Content starts

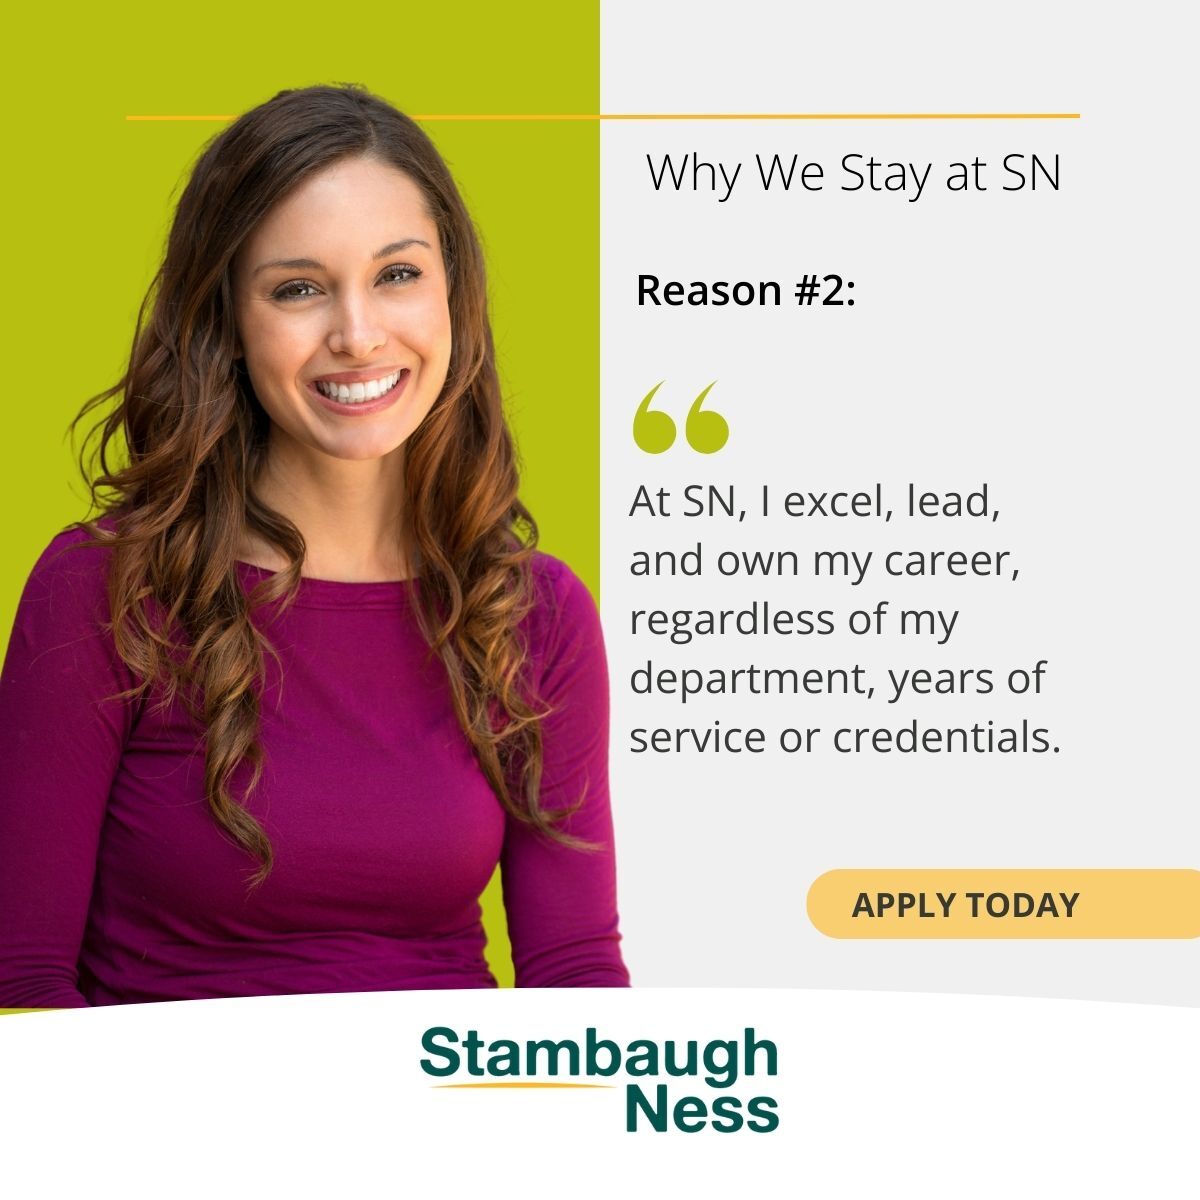 No Limitations! At SN, your skills & passion pave the way to leadership.

See how a non-CPA found their leadership path and thrived.

Apply now & launch your career! bit.ly/43VdP8l

#StambaughNess #Accountingjobs #careergrowth #remotework  #flexiblejobs #leadership
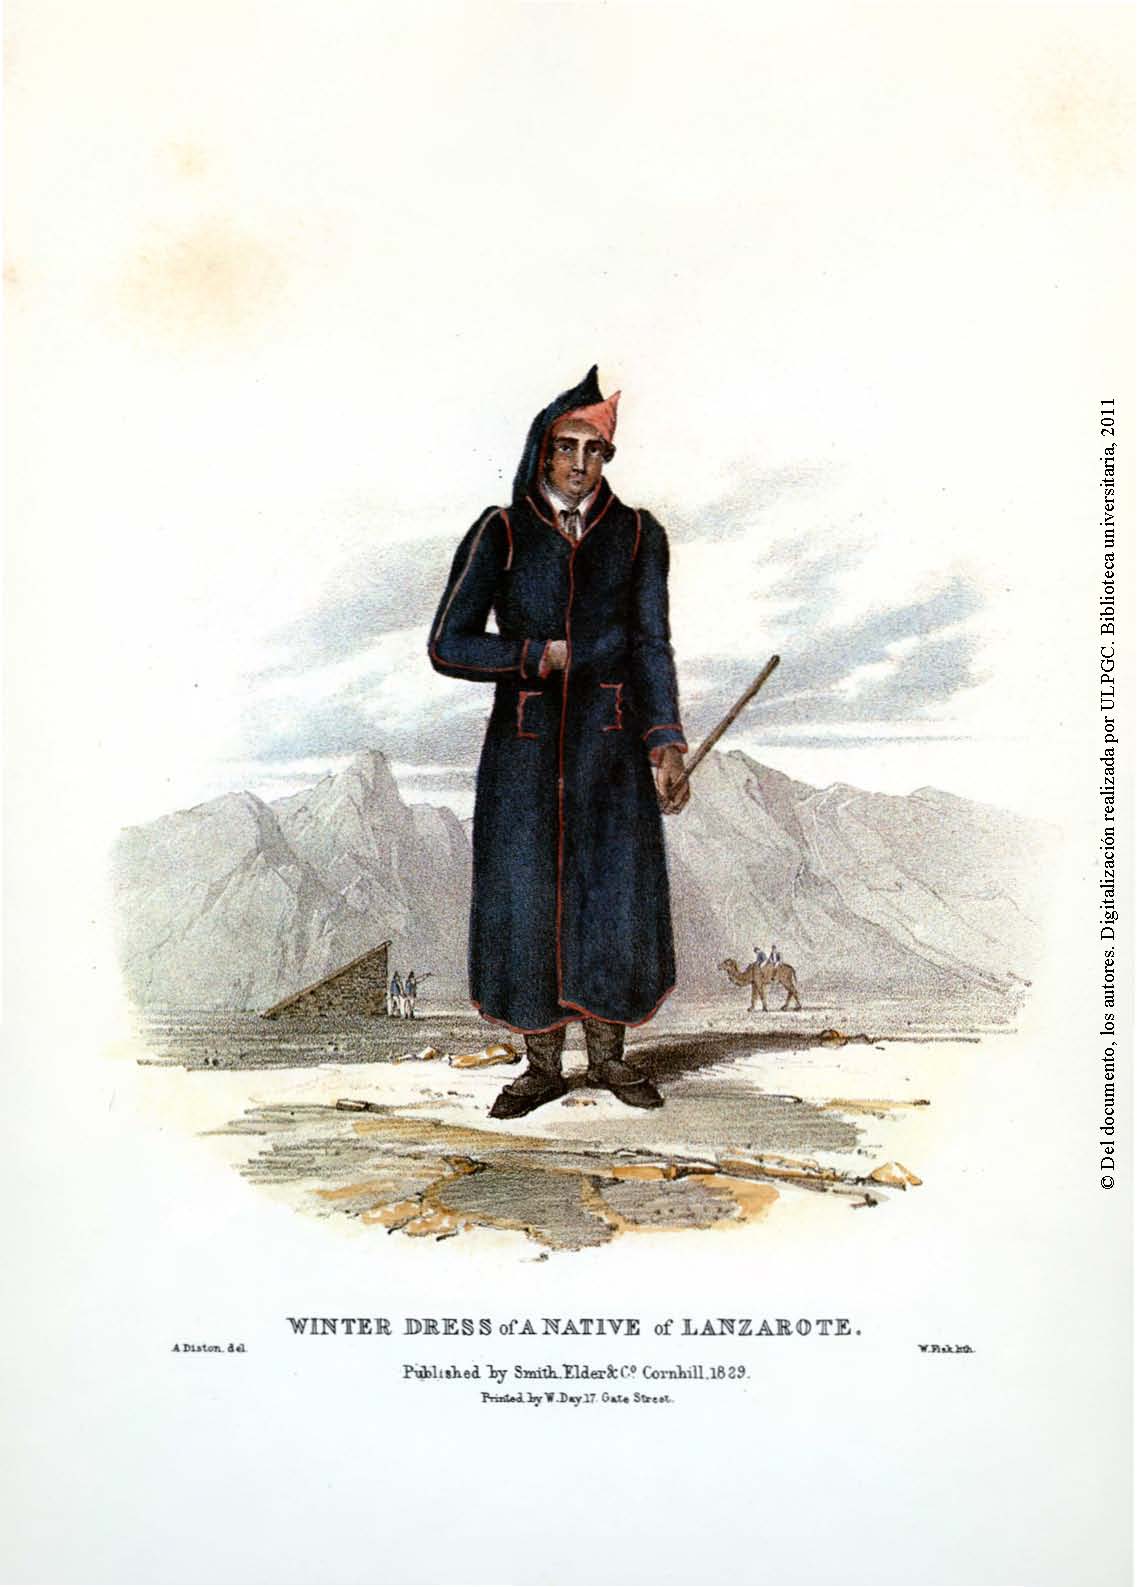 Winter dress of a native of Lanzarote

Content ends

- _Required action_: Across the whole listing above, repeat each line exactly and leave out the images.

- _Answer below_:
 No Limitations! At SN, your skills & passion pave the way to leadership.

See how a non-CPA found their leadership path and thrived.

Apply now & launch your career! bit.ly/43VdP8l

#StambaughNess #Accountingjobs #careergrowth #remotework  #flexiblejobs #leadership
 Winter dress of a native of Lanzarote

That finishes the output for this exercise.